Filtering big dataframe by index

I have a big dataset data.parquet indexed by id, partition by year and by group. So a single file would be:

data.parquet/year=2000/group=A/part.0.parquet

Now, given a list of ids, I want to filter the id´s. Within each partition, the index id is sorted.

For magnitudes, I want to filter 3 milion IDS, every year has around 300 milion IDS and I have 30 years of data. And I want to do this 100 times. The resulting data should be id, year columns, and ordered by id and year.

There are several options on how to do it (read the file and then use .loc, read the id´s, set them as index, and join the big dataset, or do read_parquet with a filter). What is the most appropriate way to perform such a standard task?

Hi @marcdelabarrera, welcome to Dask Discourse forum!

I’m not sure what you can do with Parquet filters, but I think the closer you apply the filter to the reads, the better it is. So in order, I would try:

  1. read_parquet filters,
  2. .loc directly on the Dask Dataframe, since the id is the index
  3. map_partition and .loc on the Pandas partition, which should be equivalent.

I wouldn’t advise doing a join, this should not be necessary.

cc @martindurant.

If you are not filtering using the directory structure (years, group), then you will of course end up accessing every one of the files, since (as I understand) a given ID can occur in any one of the files.

Using the pyarrow backend (which is the default), you can do row-filtering on load, which ought to decrease the memory footprint of the initial load function. However, because of the structure of parquet, you will read every byte of every column of interest anyway, and the difference is only how quickly you throw them away,

If your list of IDs is small enough that you can do the filter and concatenate all the results into memory, then your job is done by passing the filter to read_parquet (preferable) or doing a .map_maptitions(filter), and then .compute(). There is no need to set the index first, that would just cause massive shuffling of data between partitions.

If your filtered datasets would be too big for memory, I would recommend doing the same as above but instead of compute, write the data back to temporary parquet files.

Thank you both of you. For some reason, when I try to apply a filter in dd.read_parquet, I get an error (I´m using dask version 2022.6.1 and can´t update it)

Loading the dataset and using loc to find on particular id, takes 3 minutes. However, if I try to look for more than one ide using data.loc on a list of id, as I would do in pandas, I get an error. If I pass a list of id, I get ´Cannot index with list against unknown division.´, if I pass ids in tuple, I get a too many indices.

In any case, if you know a better way to structure the dataframe, I´m happy to implement it. I have a panel of id and years. Some time I want all id´s from a given year, others I want a subset of ids for all years. I guess the best approach is to split the sample first by id and then by year?

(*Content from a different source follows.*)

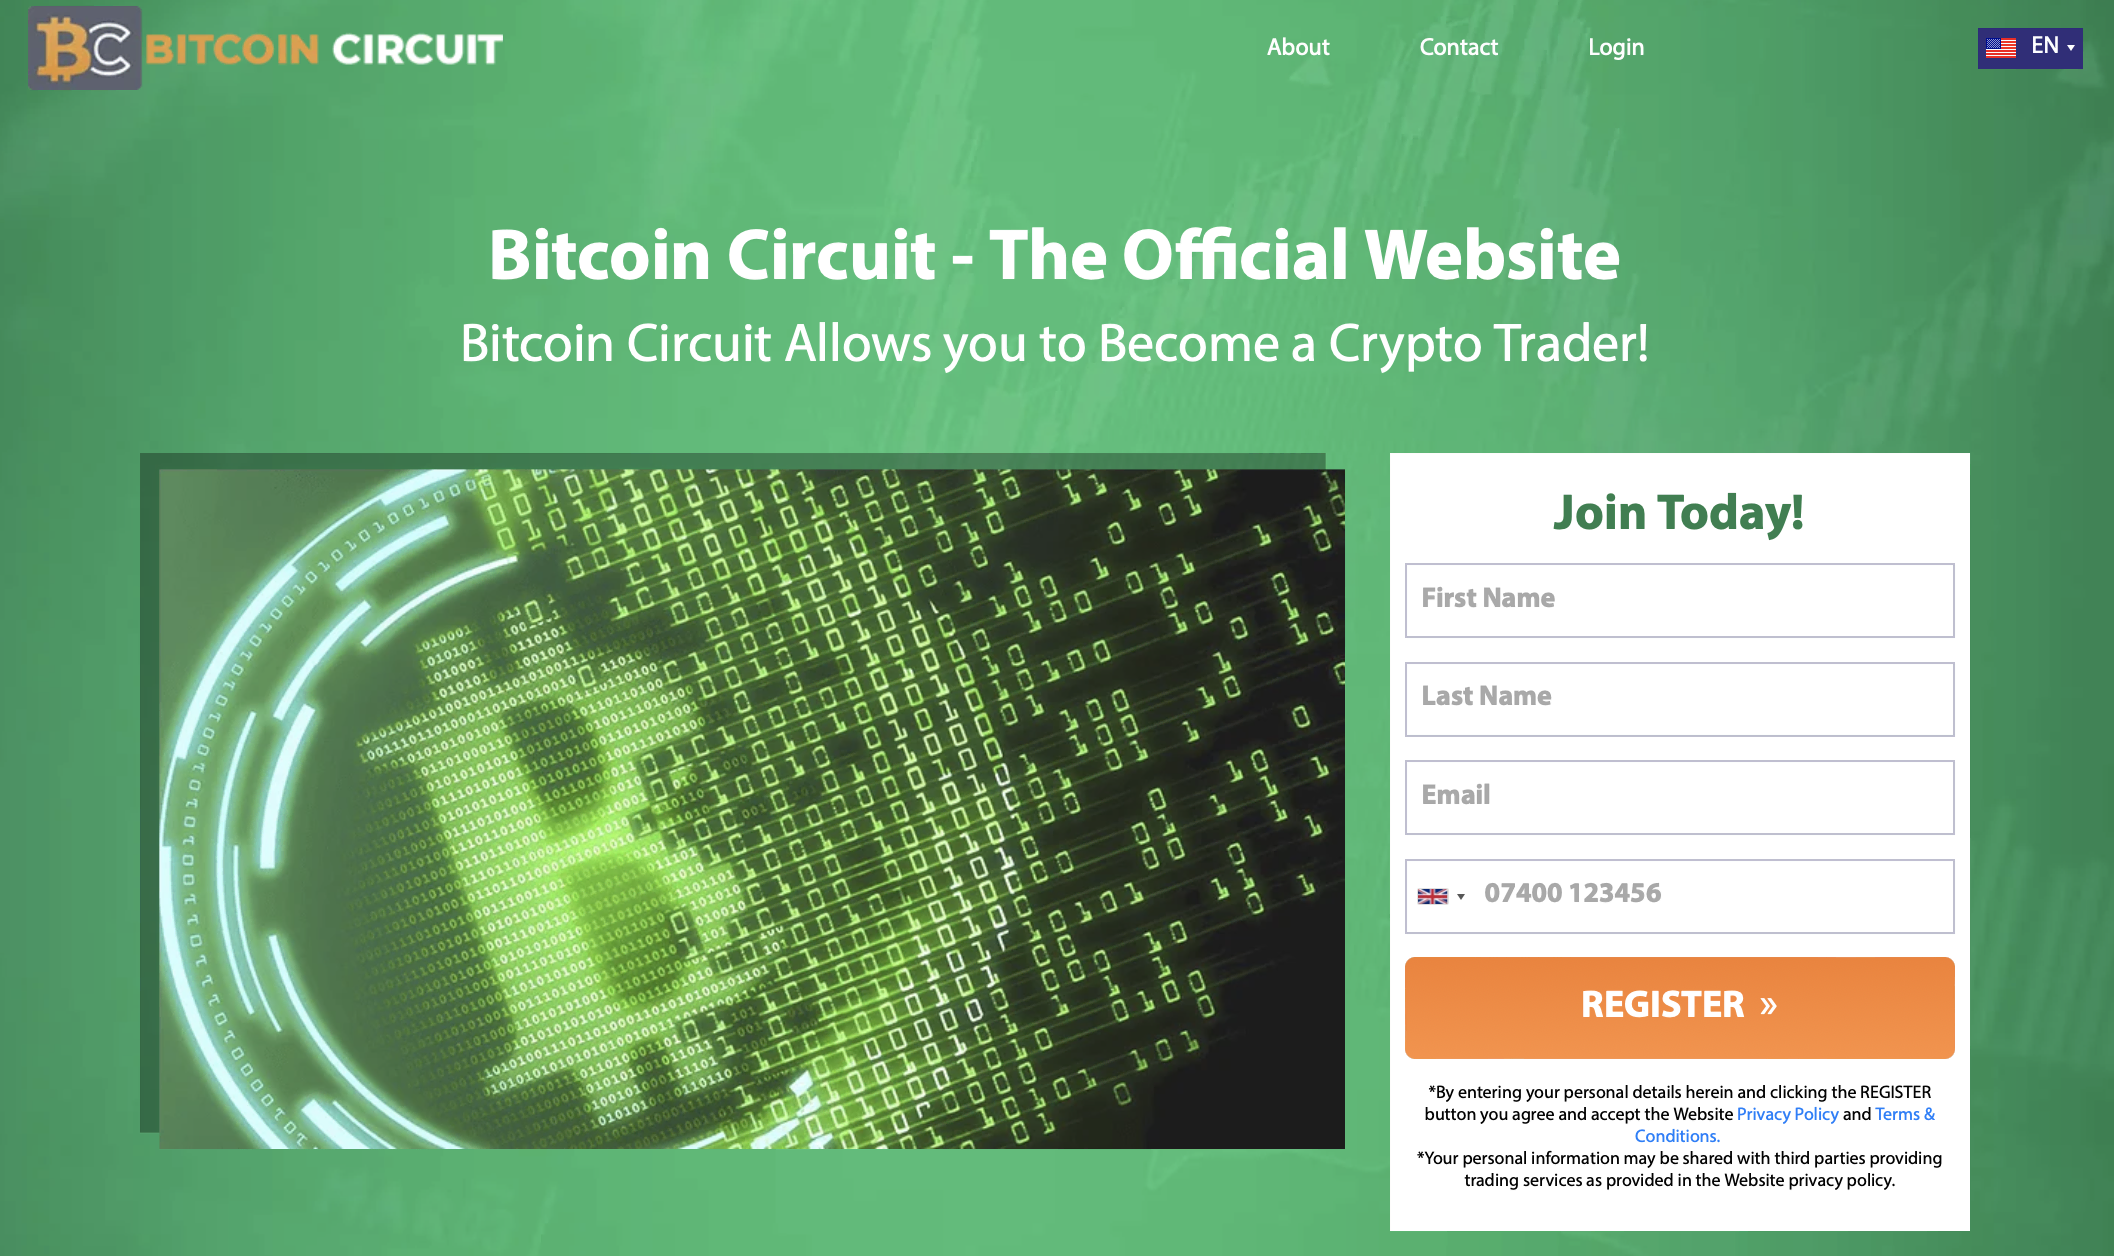 O site oficial do Bitcoin Circuit

This conversation helped me think harder about the dataset, I´m redesigning it. In Dask, is there any reasonable way to handle panel data? I have not managed to find an appropriate workflow. I mean a dataset of the form

id; date; variables
1; 2000; …
1; 2001;
2; 2000;
2; 2001;

I am aware that dask does not work well with multiindex, so I guess the index should be the id.

I see two approaches, none of them fully satisfying:

  • Partition the dataset by date. Then when I load the file I get

id; date; variables
1; 2000; …
2; 2000;
1; 2001;
2; 2001;

which is undesirable because I lose the panel dimension (follow an id over time). This is what prompted this topic, then I need to find the ids across partitions, and sort by id and date to recover the initial dataset. Another way to put it. If I sort the dataset by id and year, but then I partition the dataset by year, it is equivalent to sort by year and id, which is not what I want.

  • Alternatively, I can split the data by groups of id. This way, when I load the data I get the correct sorting (id first, date next). However, if then I want all observations of a given date, I am forced to scan the entire dataset as @martindurant says.

  • Third alternative is to duplicate the dataset and have it partition in different ways, but this is costly in terms of storage space.

Is there a way to get either: a bunch of id´s, and follow them over time, or all id´s in a given time period, that does not involve scan the entire dataset? At least for economists, that would be a gamechanger. Any advise helps!

If you want all-the-ids-at-date as well as all-the-dates-at-id, then there is no optimal partitioning strategy. You can go to either extreme as you mention, or you could perhaps have partitioning on both variables somehow. The latter might end up with many more partitions, which also raises overhead, so no ideal solutions :slight_smile: .